Wednesday, August 22, 2007

One-Game Wonders: Truly Obscure Mets of the Past

From 1962 to 1996, here's a list of players who played exactly one game for the Mets. The stats are taken from "Total Mets", a 1997 publication, but the recollections are my own.


Luis Alvarado - a utility infielder who I remember with the Red Sox and Tigers, he played one game for the Mets in 1977 at second base, going 0 for 2.

Francisco Estrada- a catcher from the Mexican League, he was up for one game with the 1971 Mets, going 1 for 2 before being sent to the Angels in the infamous Nolan Ryan deal. He never played another big league game.

Dave Liddell - a catcher who was behind the plate for a game in 1990, perfect at the plate, going 1 for 1 and scoring a run before his return to obscurity.

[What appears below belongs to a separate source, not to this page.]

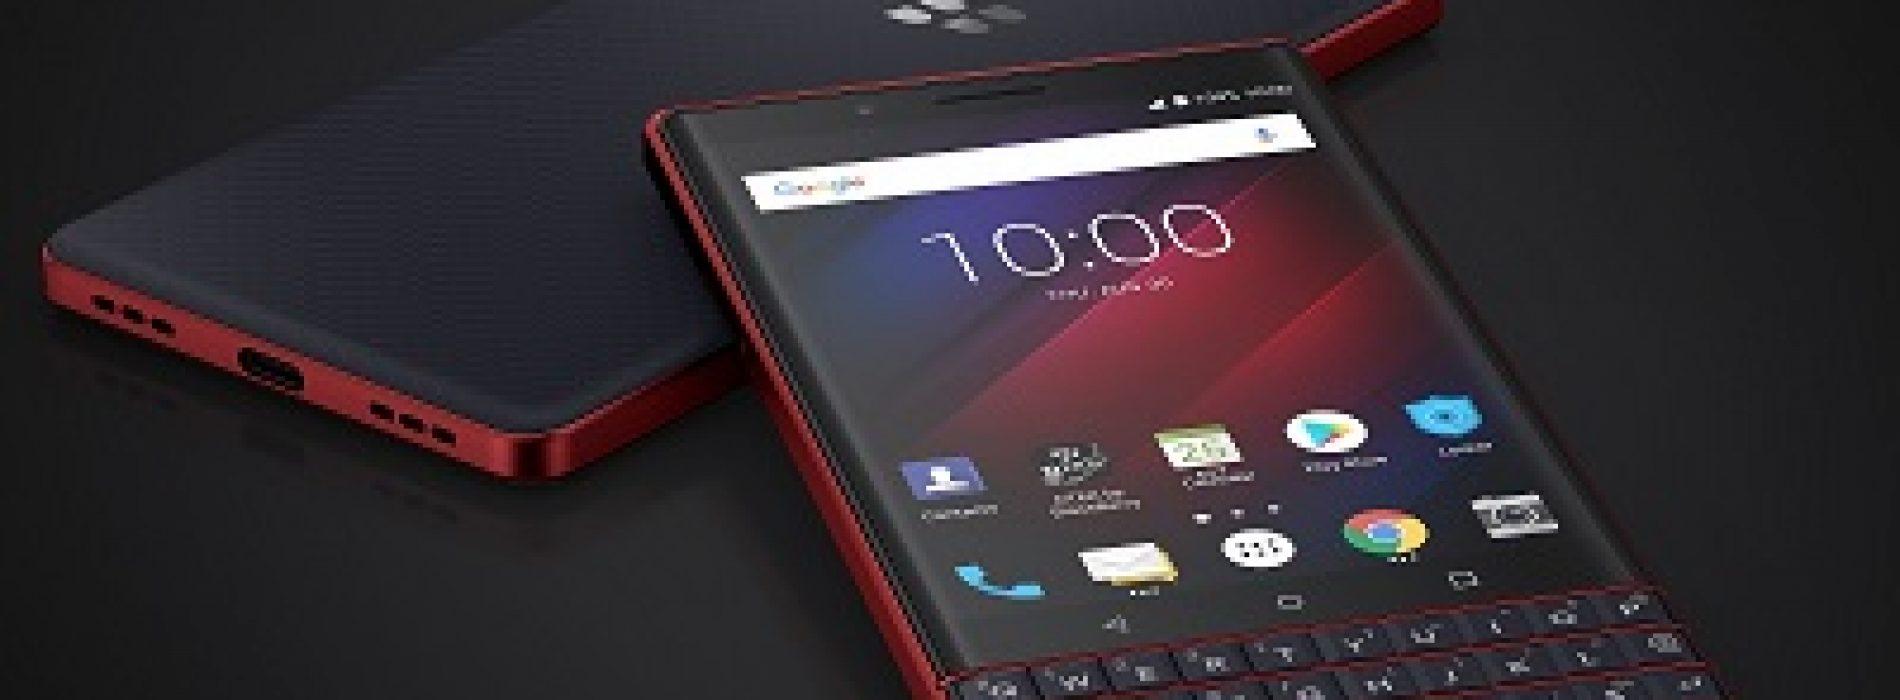 KEY2 LE lo nuevo de Blackberry

He came to the Mets from the Cubs for Ed Lynch.


Bob Gibson - NOT the Cardinals Hall Of Famer, he gave up no hits in his one inning of work in 1987, striking out 2. He also pitched for the Tigers.

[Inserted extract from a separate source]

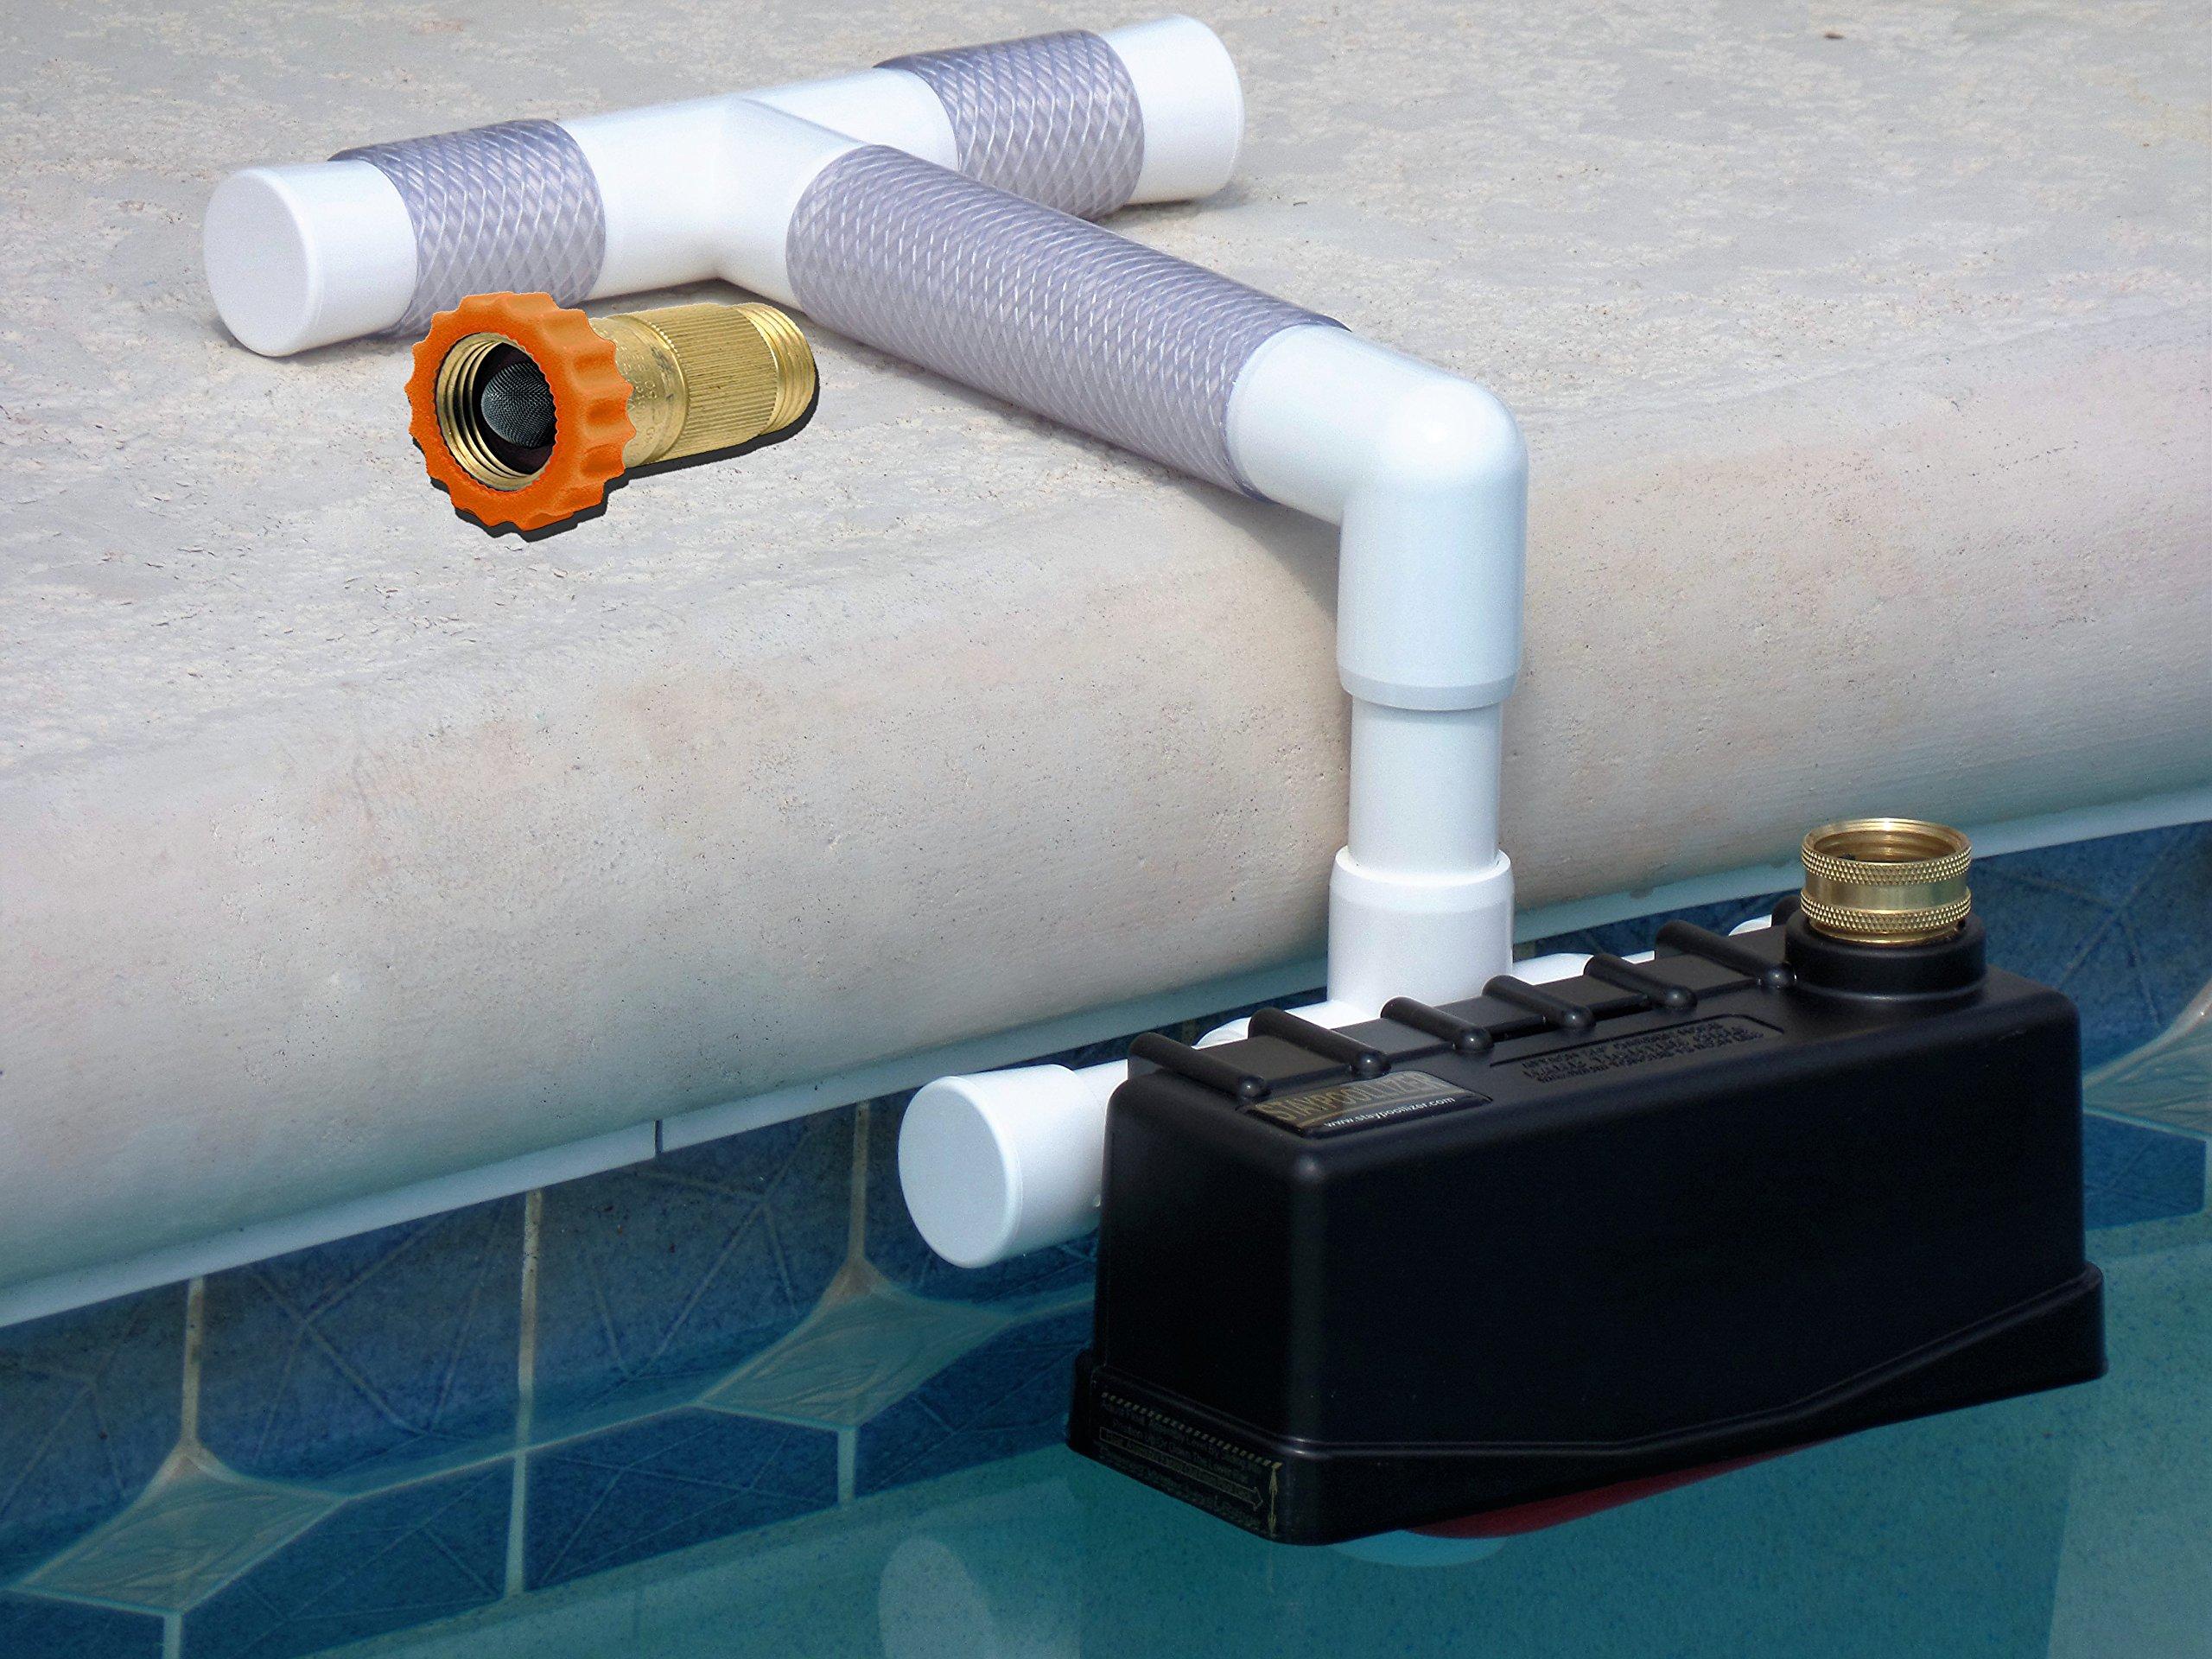 IG Premium Staypoollizer + Valterra Water Regulator Combo

Kenny Greer - pitched in one game, one inning, struck out two, and picked up a win for the Mets in 1993. I think he also got a brief shot with the Yankees.

Manny Hernandez - pitched 1 inning for the Mets in 1989. Although the record books show him appearing in 15 other big league games with the Astros, I must admit I don't remember him at all. He would get my PERSONAL vote as the most obscure Met of all.

Jesse Hudson - A lanky lefty product of the farm system, he surfaced in 1969 at age 21, pitching in one game for 2 innings, giving up a run, 2 hits, and 2 walks, striking out 3. I don't remember how Jesse went from hot young prospect to one-game wonder, but he never appeared in the big leagues again.

Doc Medich - certainly the most accomplished player in this group, Medich won 124 games in an 11-year big league career. The Mets acquired Doc at the end of the 1977 season, gave him one start in which he pitched 7 innings, giving up 3 runs and taking the loss. Presumably, the Mets expected to sign him long-term, but didn't. Otherwise, it's hard to explain why they would have picked him up for one appearance.

Don Rose - regarded as a pretty good prospect, Rose got into one game, pitching 2 scoreless innings for the 1971 Mets before going over to the Angels in the Ryan trade. Rose got another brief shot in California, but never made it.

Mac Scarce - I was surprised to see that Scarce only pitched in one game, faced one batter and gave up a hit in his only Met appearance because he was regarded as the likely replacement for Tug McGraw or at worst, a situational lefty when he came over from the Phillies, where he had some success.